Happy hollidays and peaceful new year!


----------



## graudeejs (Dec 26, 2008)

I've read mailing list about journal
and from that i think journal is really great for file systems with lots of small files, like /usr/ports and /usr/src and maybe /var)
I'm not using it, because it takes more space than soft updates (you need to keep journal somewhere)

However I'll consider using it


----------



## Anonymous (Dec 26, 2008)

killasmurf86 said:
			
		

> I've read mailing list about journal
> and from that i think journal is really great for file systems with lots of small files, like /usr/ports and /usr/src and maybe /var)
> I'm not using it, because it takes more space than soft updates (you need to keep journal somewhere)
> 
> However I'll consider using it



I red that "extra" space should be 3.3 x size of RAM. I am working with GIMP. Should be the size which formula shows enough? I have 2 GB of RAM.


----------



## danger@ (Dec 26, 2008)

journaling is great for big partitions, as you don't have to wait forever to finish the fsck


----------



## danger@ (Dec 26, 2008)

You can use gjournal(8) to do the job for you. In that case you may consider storing the jorunal meta data on different hard drive than the data itself to increase the performance.

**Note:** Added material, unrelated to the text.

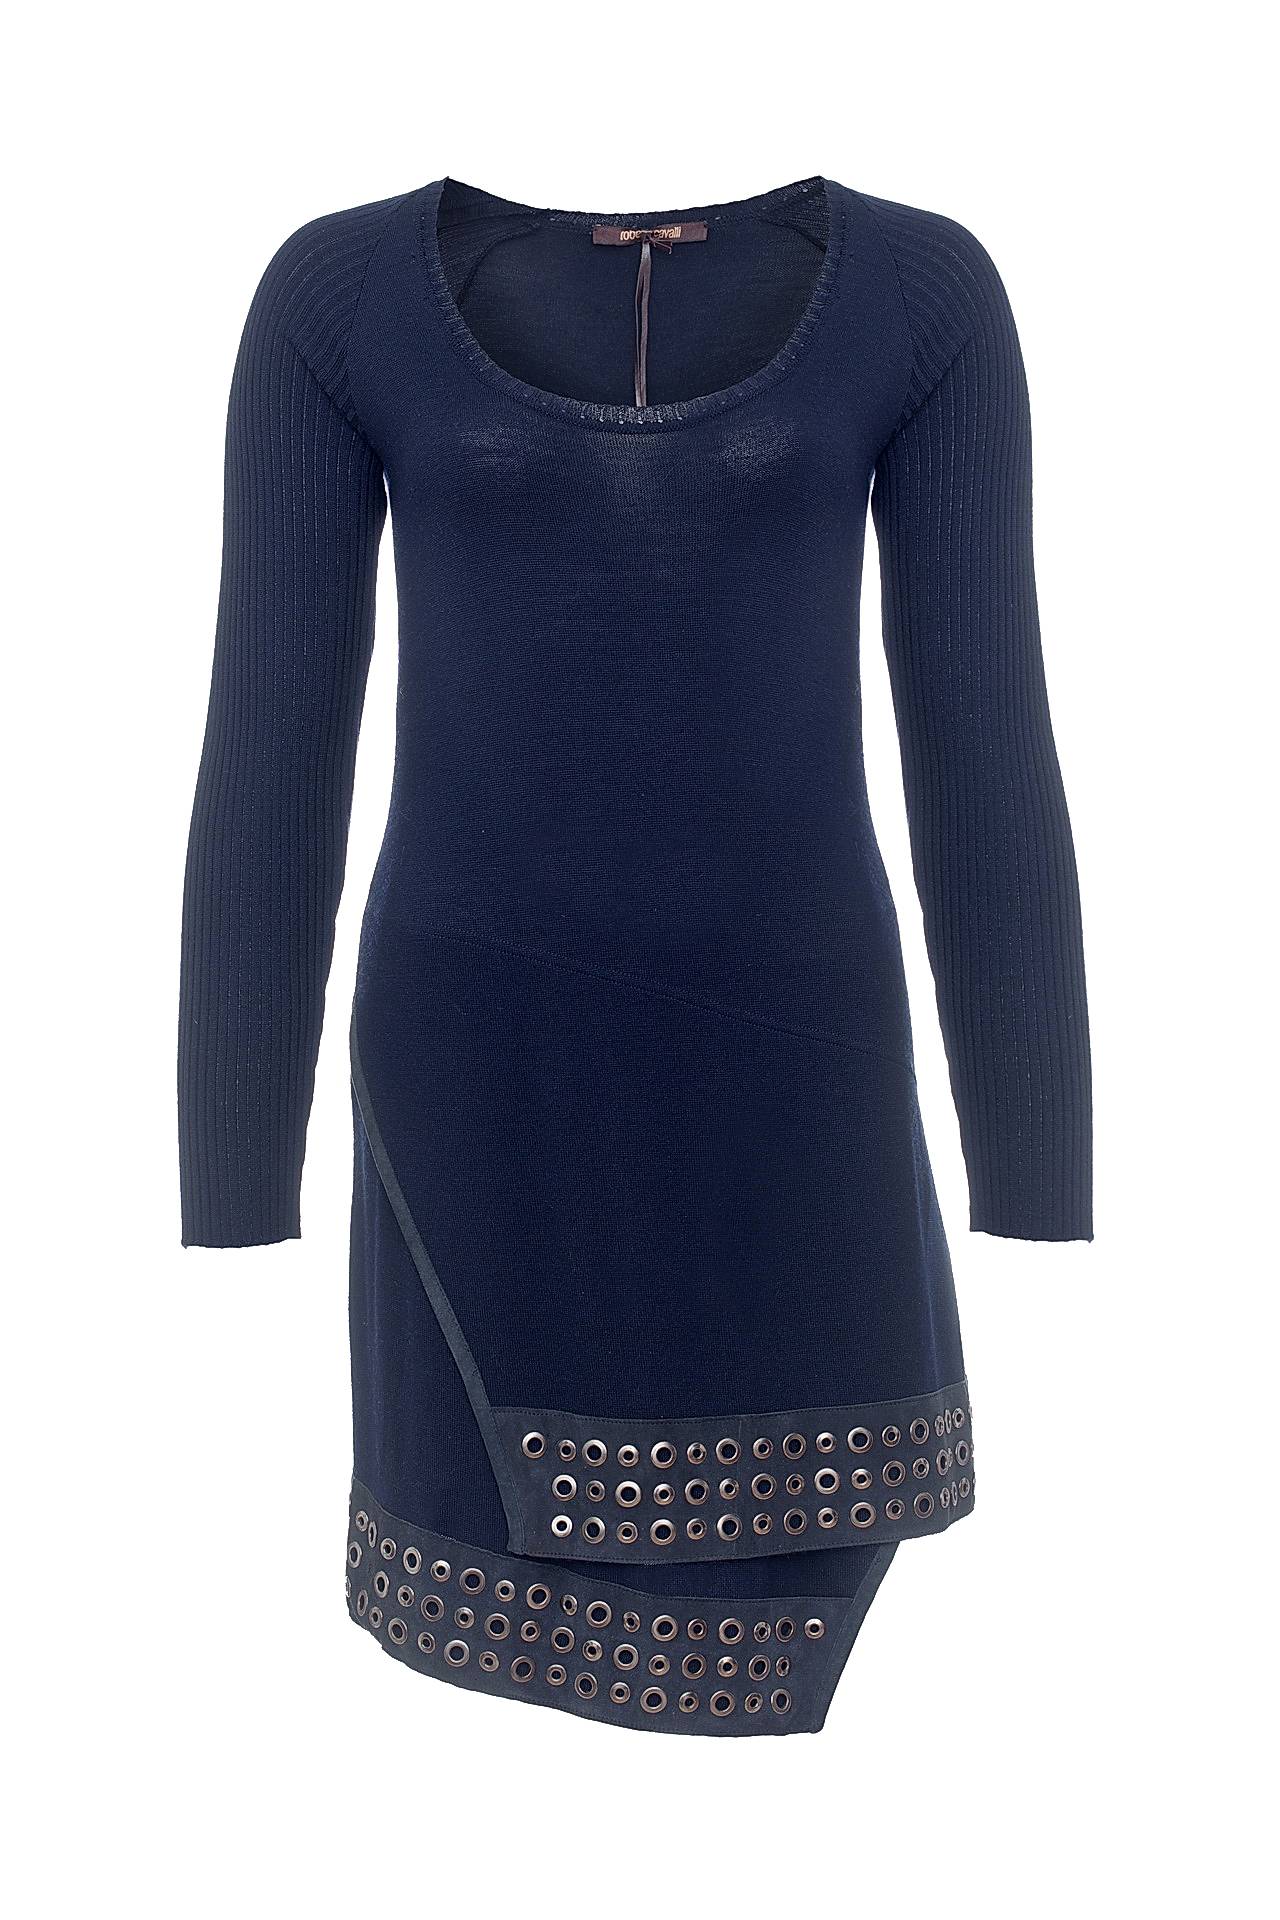 Одежда женская Платье ROBERTO CAVALLI (MDM694MV001/29). Купить за 35800 руб.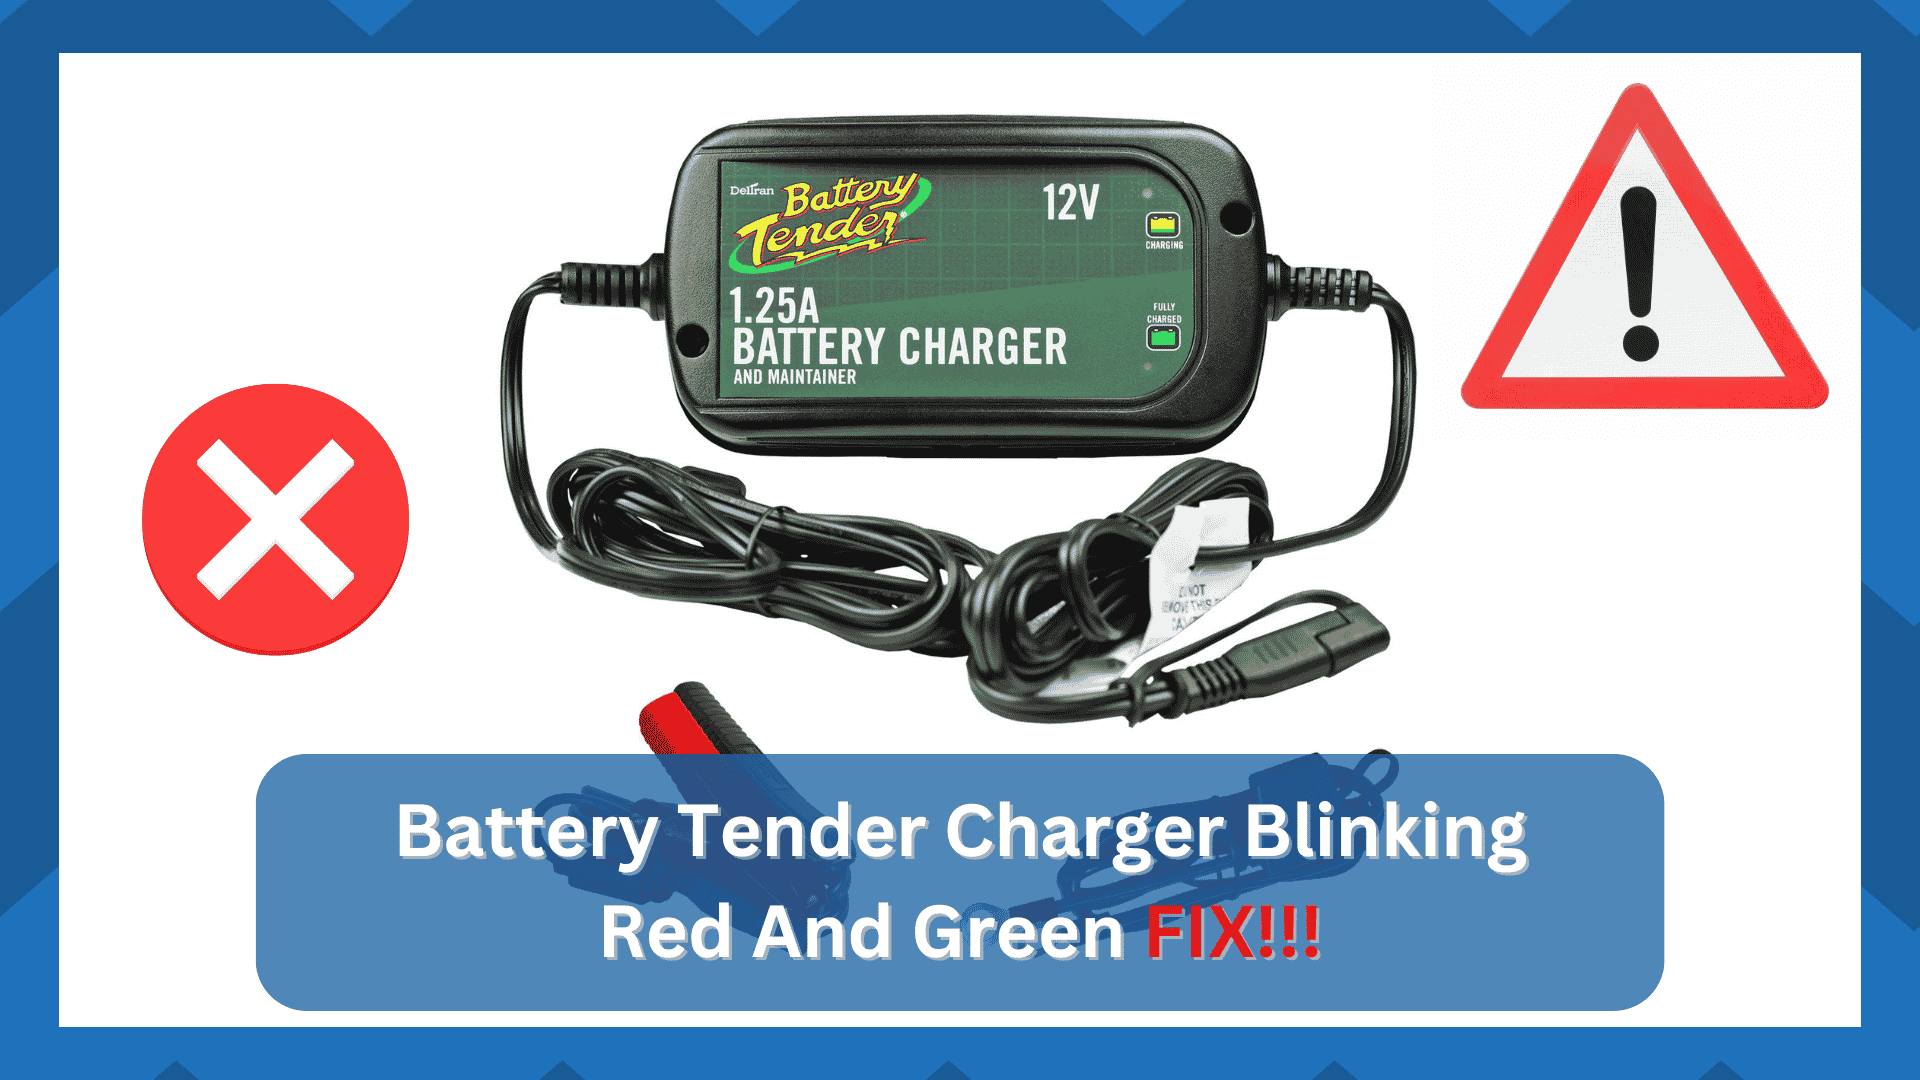 traveller battery charger blinking green

Your other option is to use ZFS, it has built-in journal support.


----------



## syadnom (Dec 26, 2008)

ZFS is not ready on freebsd.  dont use it for production.  You also need a ton of RAM (1GB+) and heavy disk usage can break zfs and take the system down.


----------



## syadnom (Dec 26, 2008)

excuse the vague and negative post!  I should elaborate that its great to have zfs on freebsd and im positive that the zfs port to freebsd will mature quickly!  It is just not ready today!.

Thanks


----------



## graudeejs (Dec 26, 2008)

lumiwa said:
			
		

> I red that "extra" space should be 3.3 x size of RAM. I am working with GIMP. Should be the size which formula shows enough? I have 2 GB of RAM.



Read mailinglist
http://lists.freebsd.org/pipermail/freebsd-current/2006-June/064043.html
I don't remember (long time since i've read that), but the answer might be there


----------



## Anonymous (Dec 26, 2008)

Thank you very much.


----------



## Djn (Dec 27, 2008)

syadnom said:
			
		

> ZFS is not ready on freebsd.  dont use it for production.  You also need a ton of RAM (1GB+) and heavy disk usage can break zfs and take the system down.



In the right setting (amd64, and 2+ GB of ram really isn't a lot anymore), ZFS is fine, and there are (admittedly brave) people using it in production.


----------